But what about the photography, I hear you ask.

A photographer for many years now, the novelty for me of going out with the camera just for fun has long since worn off. Over time my photographic activities have become more focussed on a particular project, and since returning from Mallorca that project has been to add to my collection of possible postcards for future years. The most successful of such visits this summer was the classic location of Llyn Mymbyr, west of Capel Curig, at the end of May.

From the east end of the lake one can gaze across placid (or more likely choppy) waters towards the Snowdon Horseshoe. Halfway along, debris – brought down from the mountains by a long since disappeared torrent – almost cuts the lake in two, giving the lake its alternative name of Llynnau Mymbyr (Mymbyr Lakes). It is easy to walk to the channel joining the two waterbodies , giving views to Snowdon in one direction and back towards Capel Curig to the other. Being so close to the road the location is very popular with photographers, but it would also be well worth a decent walk to get there.

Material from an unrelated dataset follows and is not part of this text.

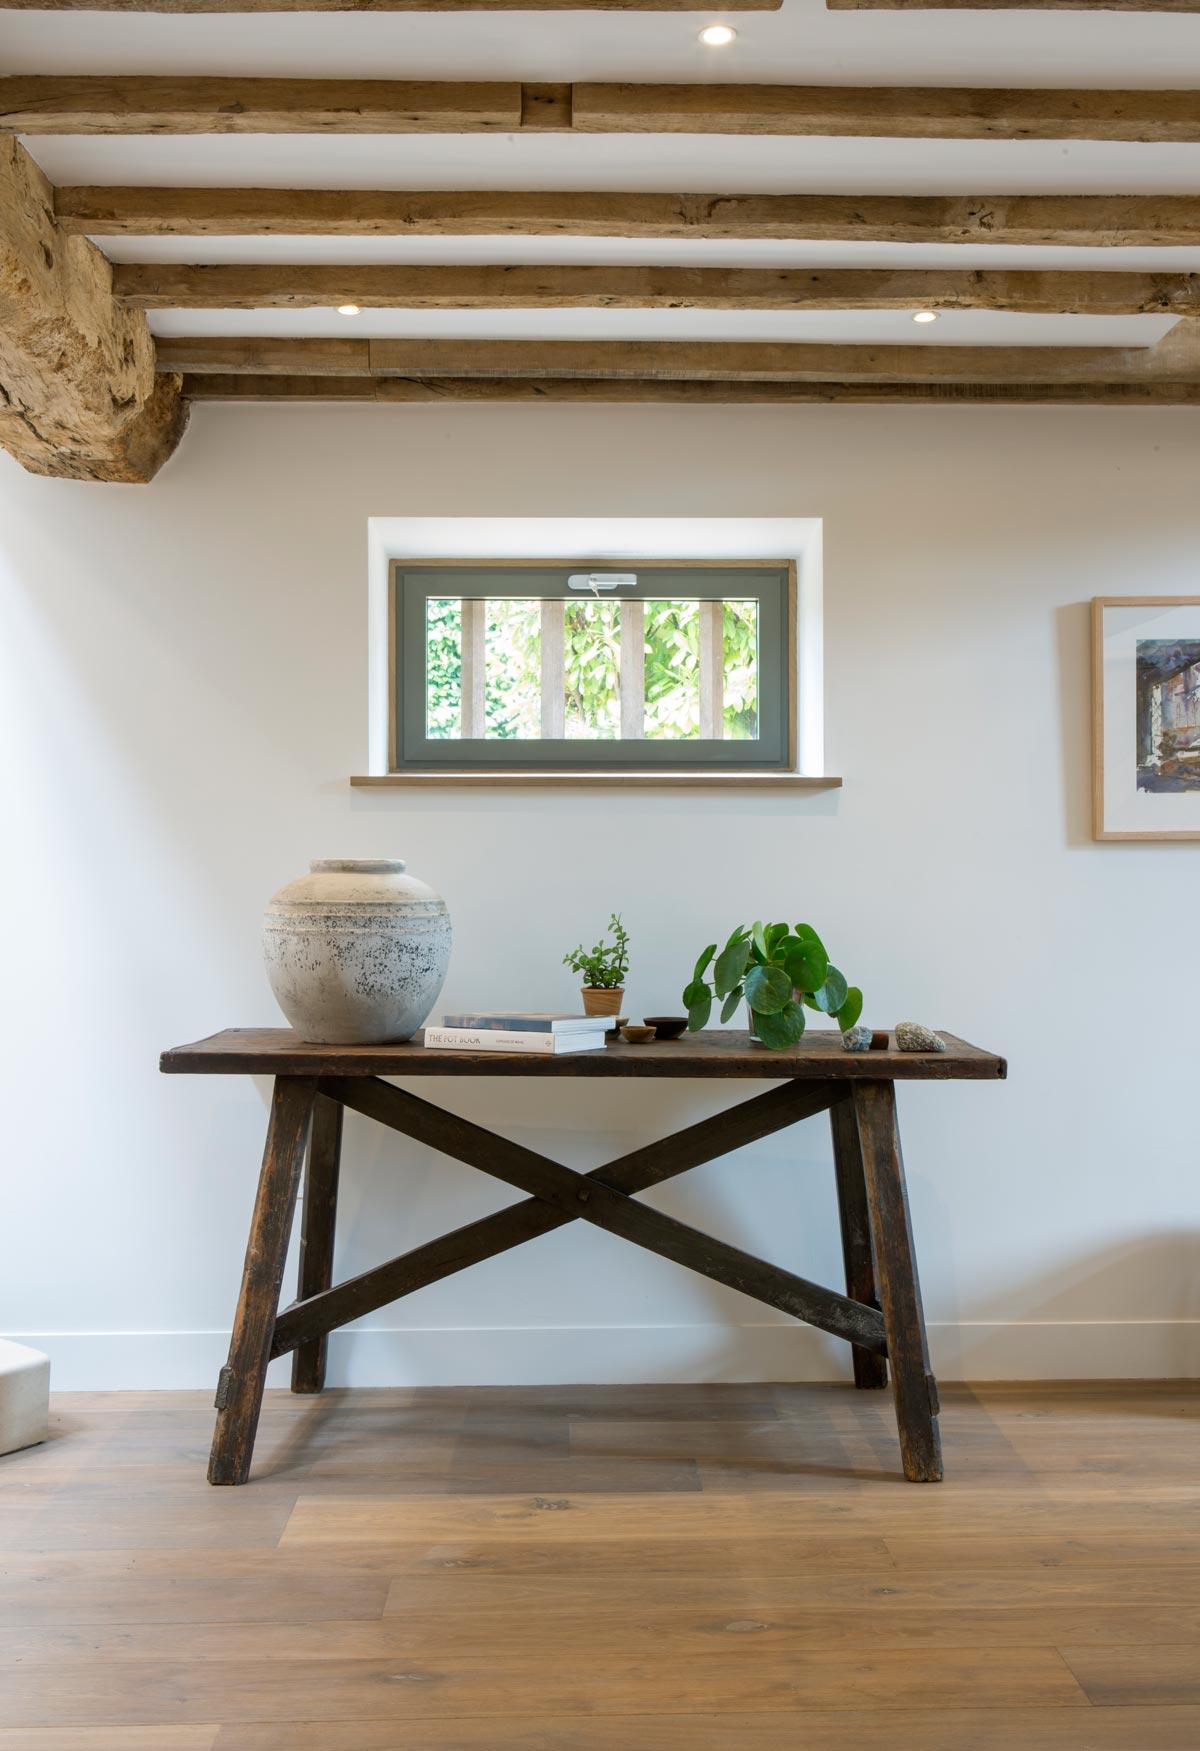 barn-conversion-3-oxfordshire-rogue-designs-1.jpg

I had a feeling that something special might happen, and it did – eventually. The first morning was good, some nice light, good clouds and decent reflections. But perhaps I should have woken earlier……….. I may have missed the best conditions. I had business elsewhere during the day but returned for the evening. Again, conditions were good but not too exciting. As it was Bank Holiday weekend the campsite at the west end of the lake was busy with cars and motorhomes which provided an irritating mid-ground in front of the Horseshoe. Only in a wide-angle view would any of these images these be useable. I took my tripod around to the far side of the lake for a better angle and used a ND filter and long exposures for a different “look”, but the results were not quite what I was hoping for.

From the postcard……

The following morning I woke early and conditions looked great: blue sky overhead but fog at ground level. I walked down to the lakeside and even at 5.40 a.m I wasn’t the first photographer around. In one of my first pictures you can see a figure crouched in the reeds by the water’s edge.

….to the minimalist

What a morning it was! The sun was already above the horizon, backlighting every feature of the landscape to the east. Mist was rising gently from the still waters of the lake. If these conditions happen at all, they are usually short-lived, but I was able to spend a good hour taking pictures in quite a relaxed fashion. I used a whole range of focal lengths from 25mm to 400 mm using both my main lenses, and got a tremendous selection of images….. if I say so myself…… ranging from the “postcard” to the minimalist.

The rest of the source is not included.